### Aim of the exercise
The full listing is to be transcribed exactly, with each picture left out.
─── Data segment ───
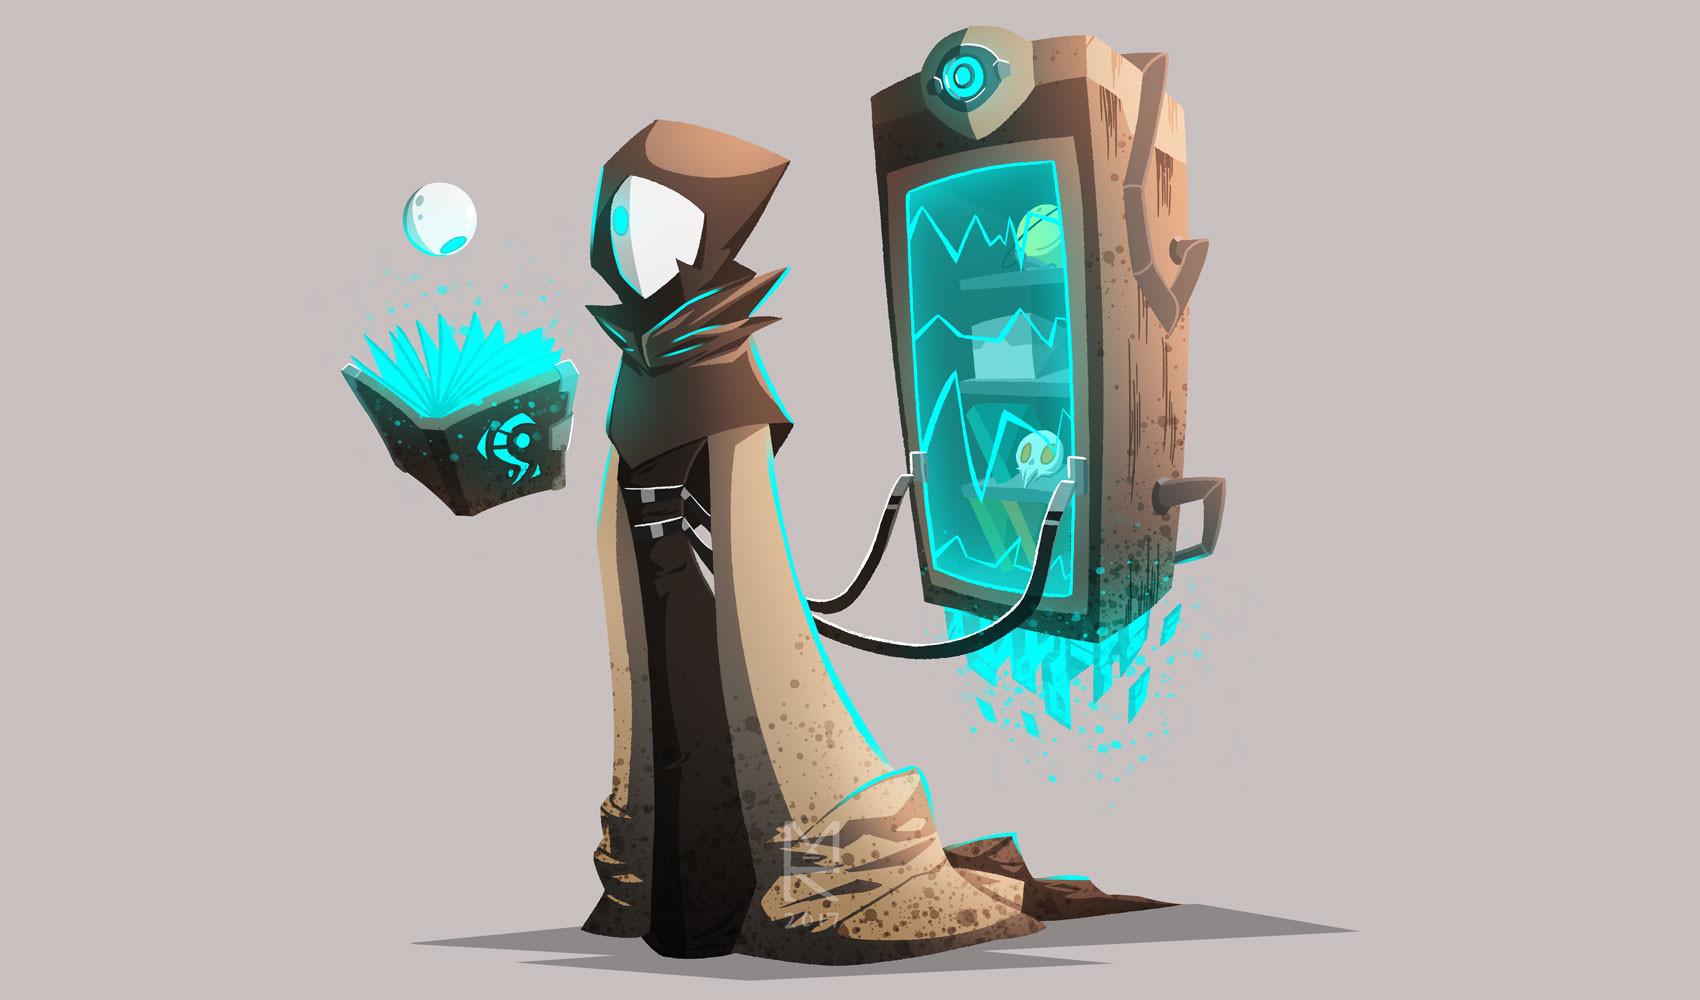 artstation character design merchant minh kieu
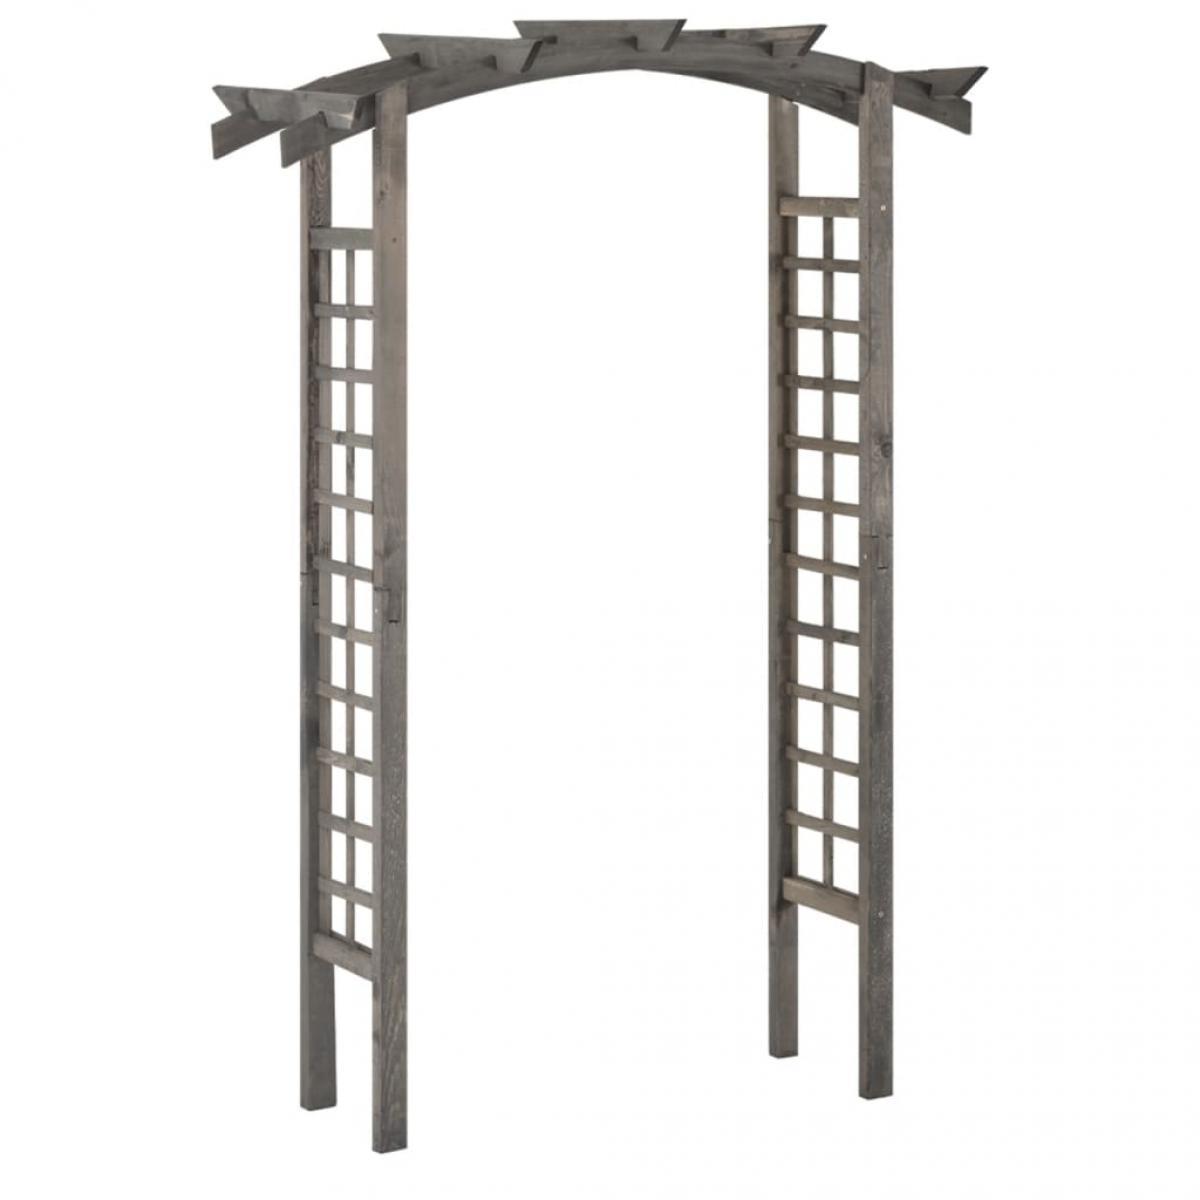 Arco enrejado de madera de pino impregnada gris 150x50x220 cm
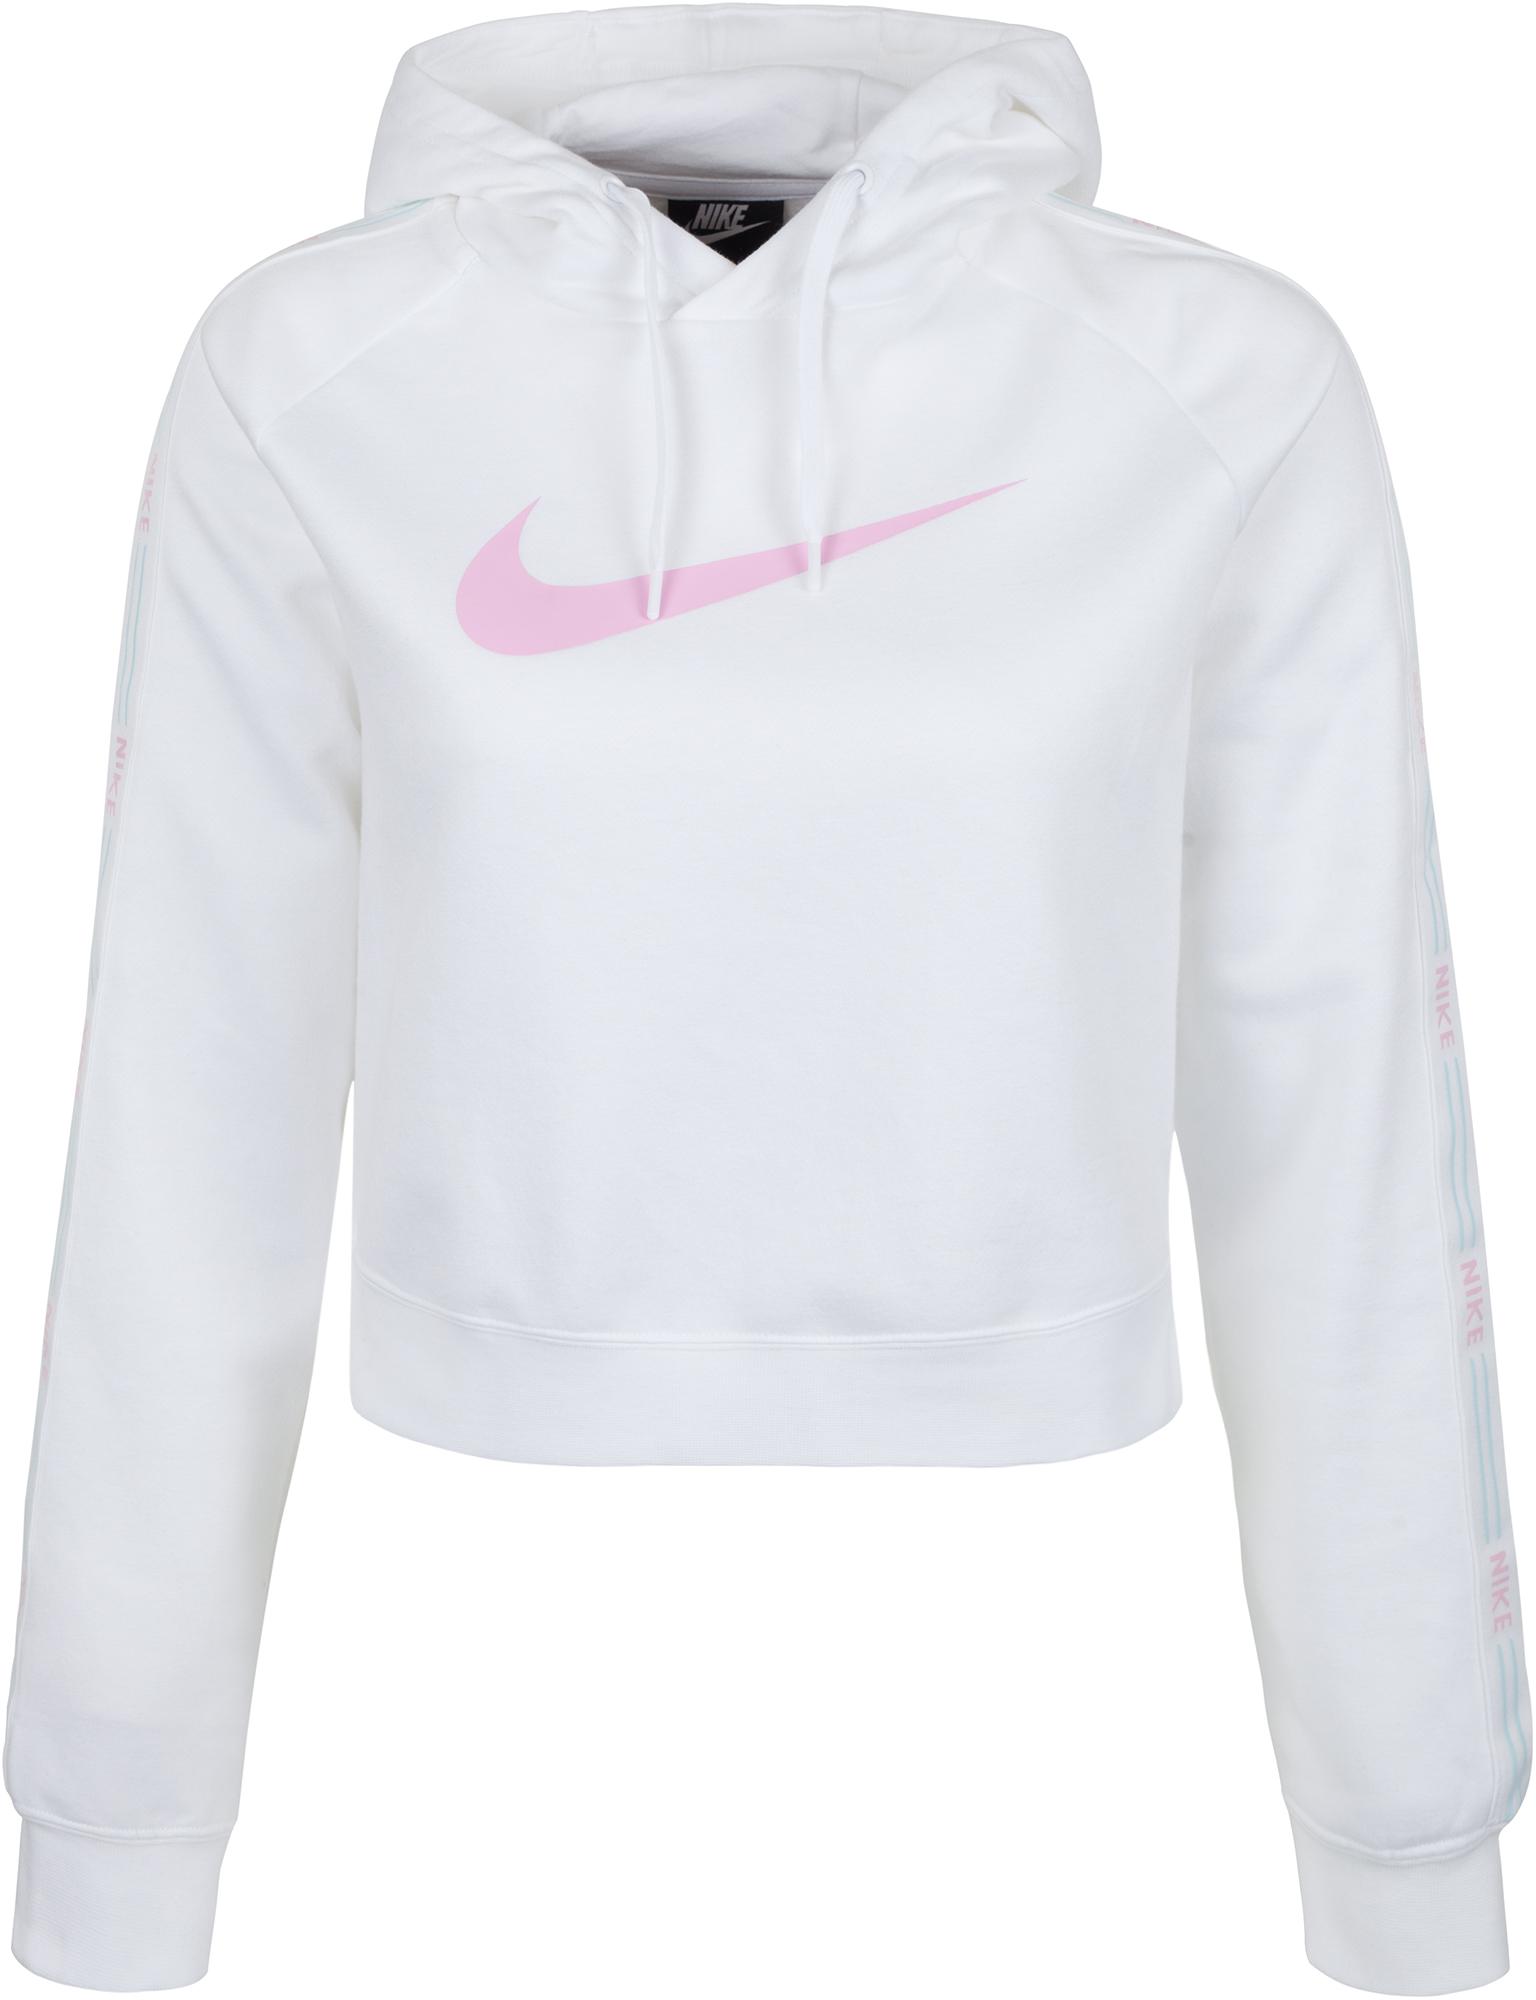 цены Nike Джемпер женский Nike Sportswear, размер 46-48
───
### Response area
 artstation character design merchant minh kieu
 Arco enrejado de madera de pino impregnada gris 150x50x220 cm
 цены Nike Джемпер женский Nike Sportswear, размер 46-48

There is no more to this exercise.